Coauthored by Scott H. Mendelson and Dr. Eric Serrano

Dr. Serrano and I found ourselves short on time to train, but big on ambition to increase strength and improve body composition. In 20 minutes we completed a very challenging training session that left us feeling energized with our muscles and nervous system fully stimulated! Band tension enabled us to increase the strategic challenge of initial work sets while setting the stage for high work capacity during the bodyweight-only finishing sets.

As working professionals, time is one of the most precious commodities, so having alternative training strategies available for short sessions is a very important tool for our clients. There are specific time periods, such as in-season for professional athletes or during recovery from an injury, when short training sessions are highly advantageous. For example, an athlete dealing with an injury must not even flirt with overtraining, so that the body can dedicate adequate resources to metabolic and neurological recovery.

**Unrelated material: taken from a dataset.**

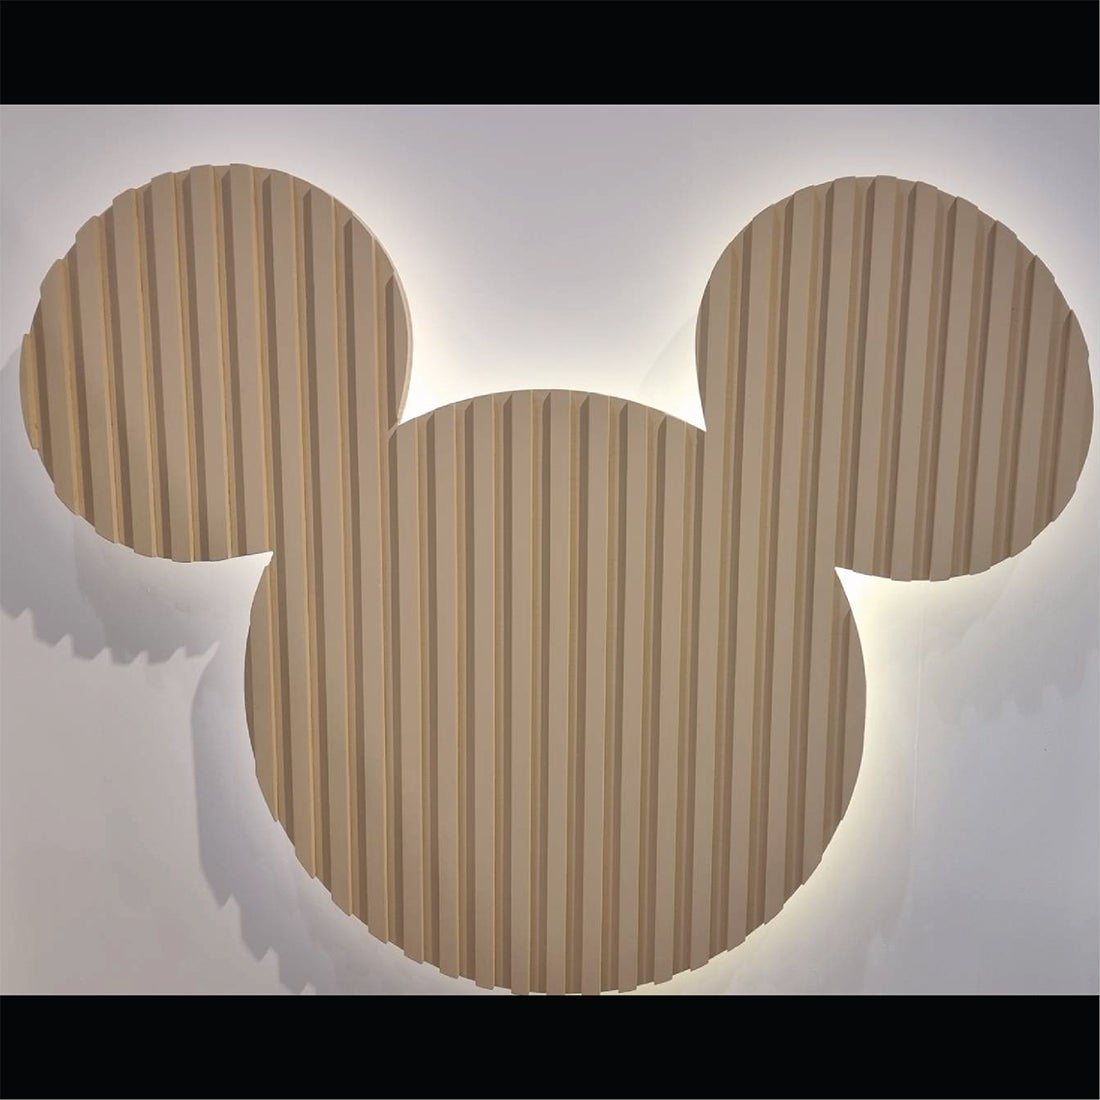 ผนังประดับแขวน Disneyhome รูปทรง Mickey Mouse ลายระแนงสีเนเชอรัล

Quality Over Quantity Benefits

Short training sessions are very important during periods of high stress or other hormonal problems when the recovery conditions are far less than ideal. In this case, it is best to emphasize quality over quantity to build up work capacity for future training cycles. Exceeding the capacity to recover can cause elevations in stress hormones associated with muscle wasting, body fat accumulation, reduced performance, and degraded injury recovery.

Adjusting Training Volume for the Stress Meter

Clients who have higher than average stress levels and frequent fluctuations of aggravation do fantastically when with personalized training program volume adjustments. Highly stressed trainees who have been struggling for years with improving body composition and performance can earn remarkable improvements with the right strategic adjustments.

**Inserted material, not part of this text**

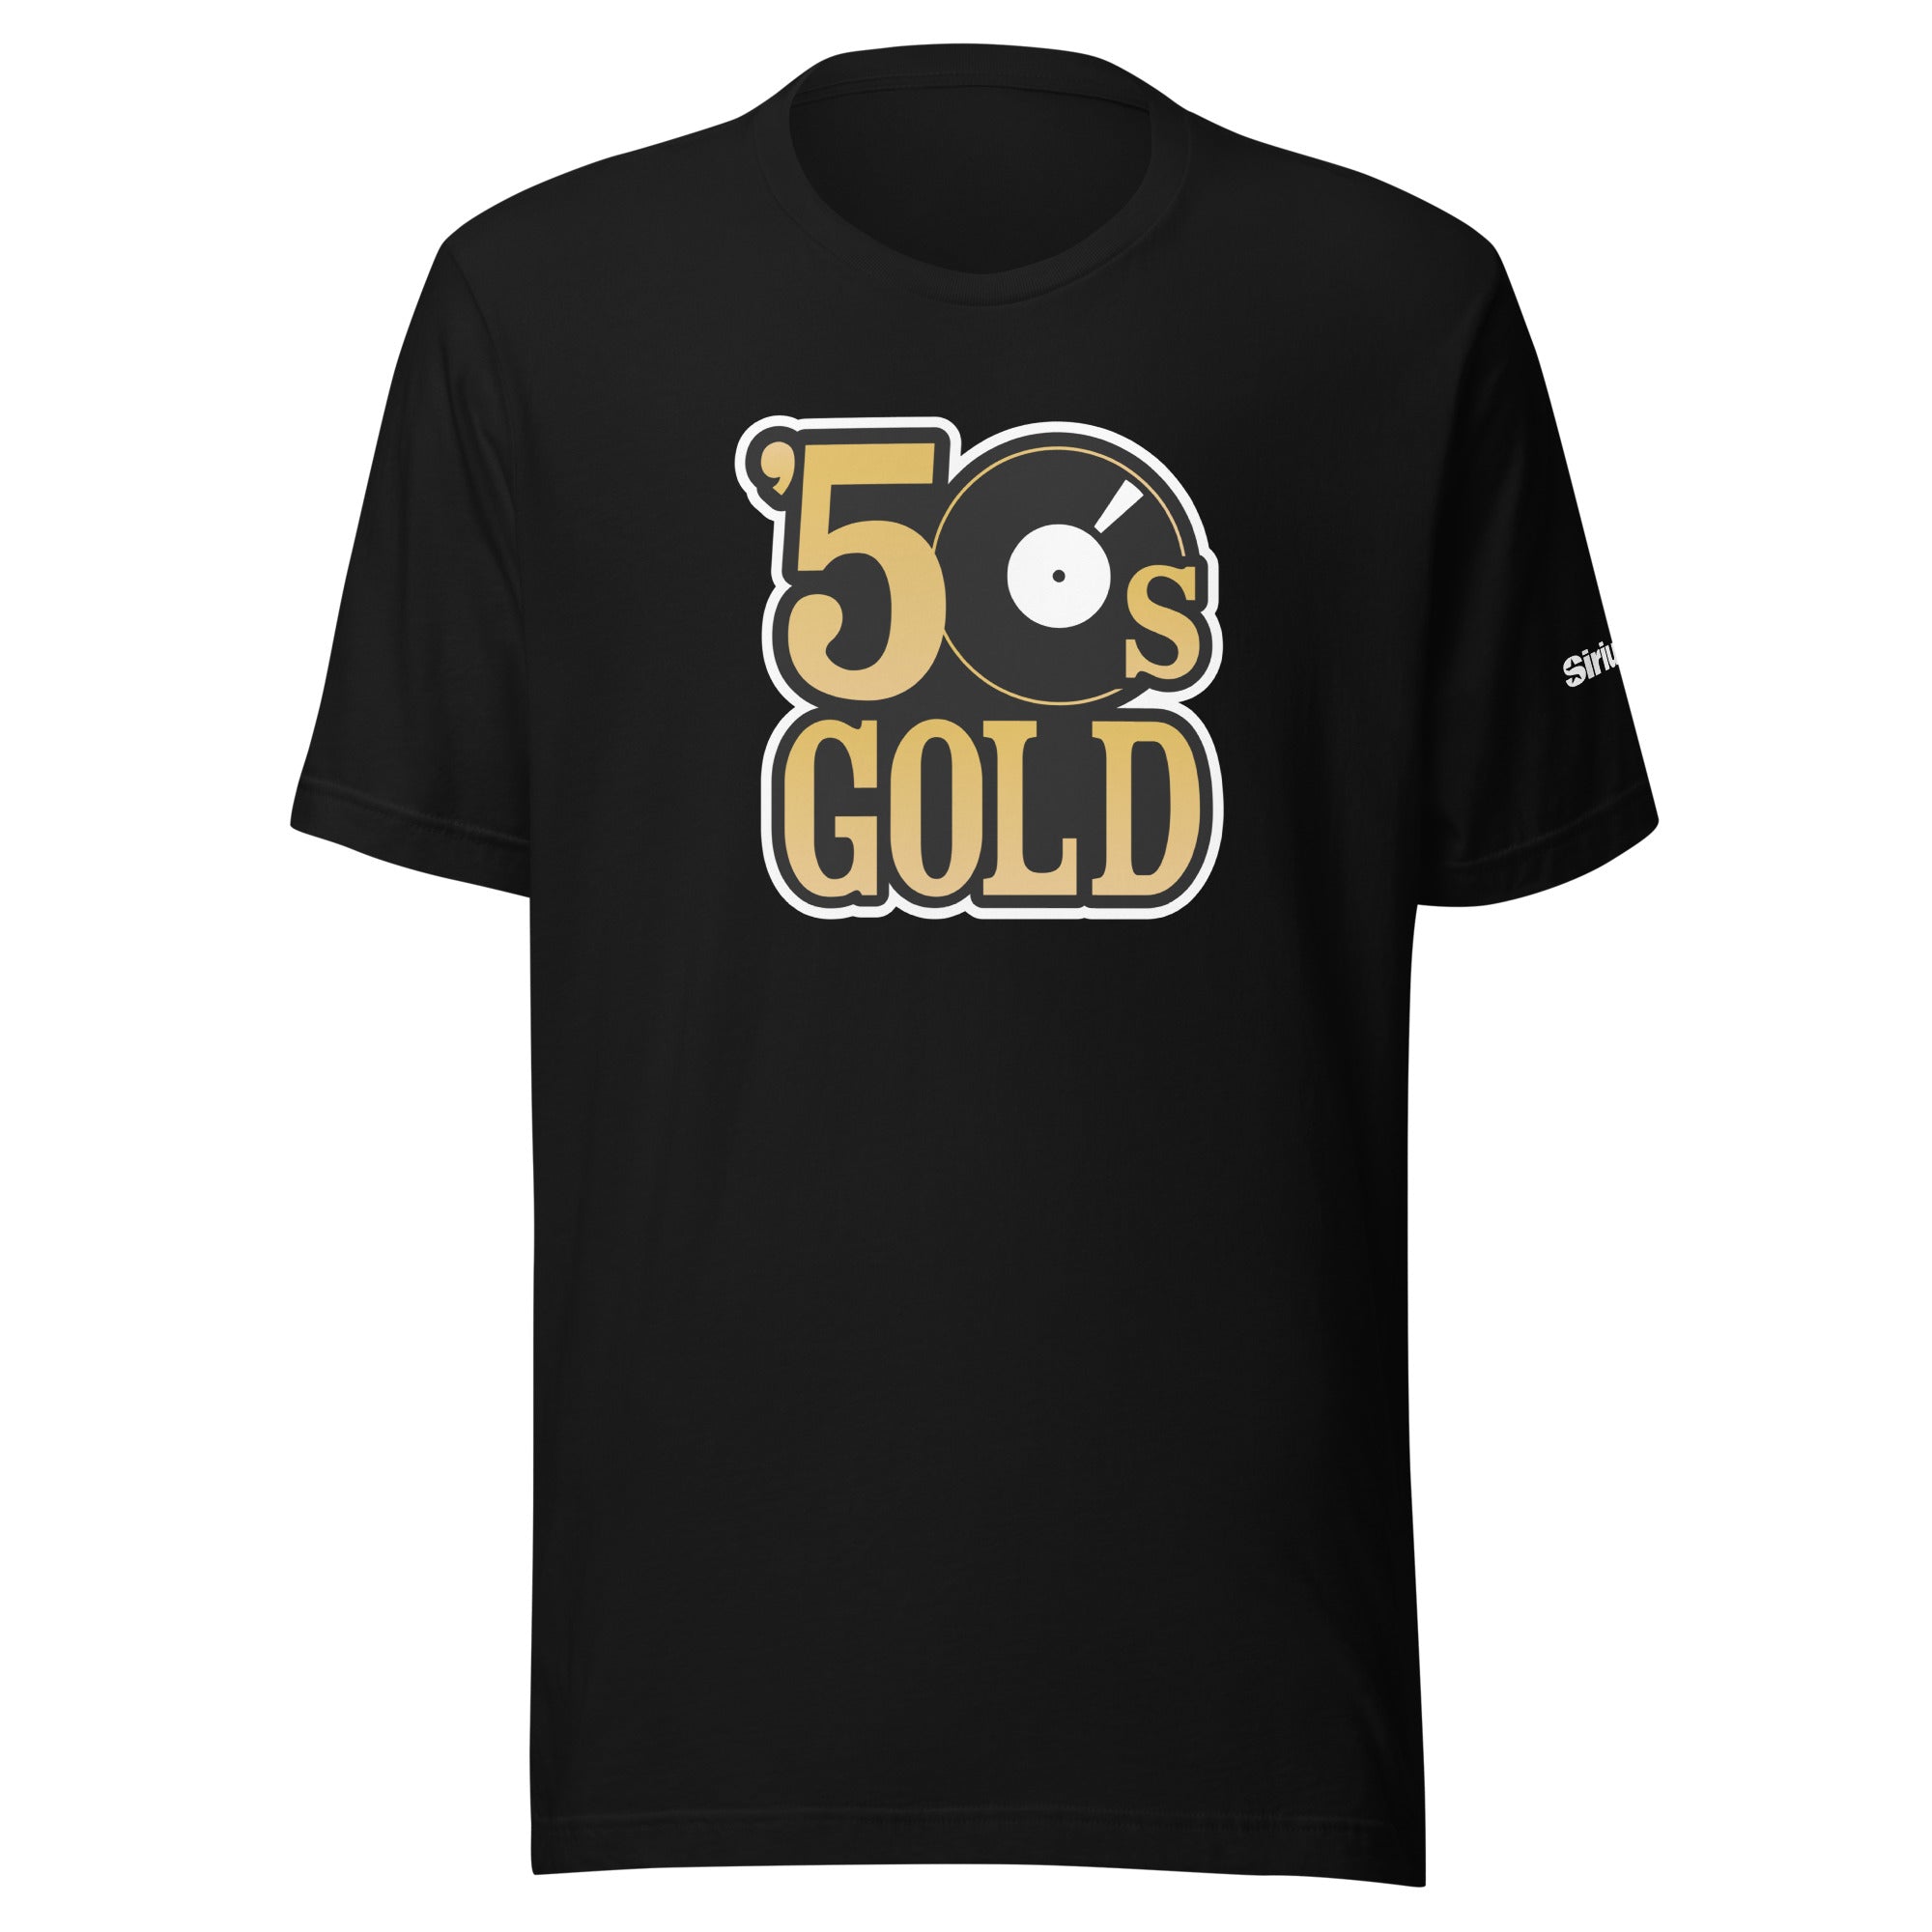 50s Gold: T-shirt (Black)

Band Instability Becomes Our Friend

The unstable nature of band work lends very well to prepare for competition. The majority of sports require athletes to move in unstable environments. Contact sports such as football, hockey, and MMA demand athletes sustain a high level of function even when powerful external forces come into play, such as not seeing an opponent coming just before a big collision. Training in a multi-dimensional environment may reduce the risk of many injuries, especially for the core.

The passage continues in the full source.